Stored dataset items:
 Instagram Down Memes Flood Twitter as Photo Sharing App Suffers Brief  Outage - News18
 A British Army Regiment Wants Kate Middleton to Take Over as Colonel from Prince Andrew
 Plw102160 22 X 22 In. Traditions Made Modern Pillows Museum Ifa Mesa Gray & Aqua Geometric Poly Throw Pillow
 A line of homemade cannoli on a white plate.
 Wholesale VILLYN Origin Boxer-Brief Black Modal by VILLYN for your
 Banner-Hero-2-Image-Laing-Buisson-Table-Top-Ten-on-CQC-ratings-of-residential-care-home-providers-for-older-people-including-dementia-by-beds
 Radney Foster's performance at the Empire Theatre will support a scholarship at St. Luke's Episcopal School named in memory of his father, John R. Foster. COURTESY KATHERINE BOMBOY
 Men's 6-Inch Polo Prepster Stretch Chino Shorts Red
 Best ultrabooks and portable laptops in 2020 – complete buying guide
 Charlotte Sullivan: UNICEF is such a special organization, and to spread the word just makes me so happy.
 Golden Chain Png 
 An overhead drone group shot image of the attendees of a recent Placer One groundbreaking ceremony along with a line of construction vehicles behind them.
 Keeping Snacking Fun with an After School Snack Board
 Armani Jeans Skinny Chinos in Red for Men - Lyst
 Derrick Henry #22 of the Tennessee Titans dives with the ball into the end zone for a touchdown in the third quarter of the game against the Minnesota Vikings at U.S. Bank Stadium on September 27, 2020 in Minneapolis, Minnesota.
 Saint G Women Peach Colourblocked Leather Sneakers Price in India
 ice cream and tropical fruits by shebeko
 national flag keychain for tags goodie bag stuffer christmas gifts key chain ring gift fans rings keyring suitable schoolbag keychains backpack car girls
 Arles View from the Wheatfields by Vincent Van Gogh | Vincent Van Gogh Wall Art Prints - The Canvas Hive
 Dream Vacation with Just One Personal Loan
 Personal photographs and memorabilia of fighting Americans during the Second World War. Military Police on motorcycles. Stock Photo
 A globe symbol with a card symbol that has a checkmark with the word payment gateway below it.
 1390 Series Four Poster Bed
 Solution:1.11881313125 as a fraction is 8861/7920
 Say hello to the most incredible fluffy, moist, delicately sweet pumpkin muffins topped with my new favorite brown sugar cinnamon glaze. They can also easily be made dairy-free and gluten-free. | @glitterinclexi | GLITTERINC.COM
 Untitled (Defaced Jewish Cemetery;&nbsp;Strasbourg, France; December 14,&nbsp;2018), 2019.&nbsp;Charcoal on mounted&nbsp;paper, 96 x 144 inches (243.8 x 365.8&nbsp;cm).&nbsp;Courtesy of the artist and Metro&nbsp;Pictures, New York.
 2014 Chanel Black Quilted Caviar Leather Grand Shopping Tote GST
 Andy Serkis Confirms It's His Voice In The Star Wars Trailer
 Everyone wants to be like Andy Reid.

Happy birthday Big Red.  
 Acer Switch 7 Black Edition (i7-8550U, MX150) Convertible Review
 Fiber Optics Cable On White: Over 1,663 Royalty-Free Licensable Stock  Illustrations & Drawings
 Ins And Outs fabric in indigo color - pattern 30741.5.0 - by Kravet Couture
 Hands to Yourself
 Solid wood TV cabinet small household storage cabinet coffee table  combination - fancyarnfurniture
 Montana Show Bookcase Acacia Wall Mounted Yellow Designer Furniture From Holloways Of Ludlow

Task directions:
Check the data line by line and report how many lines contain "Wall" as a word or string, giving nothing besides the number.

Your solution:
2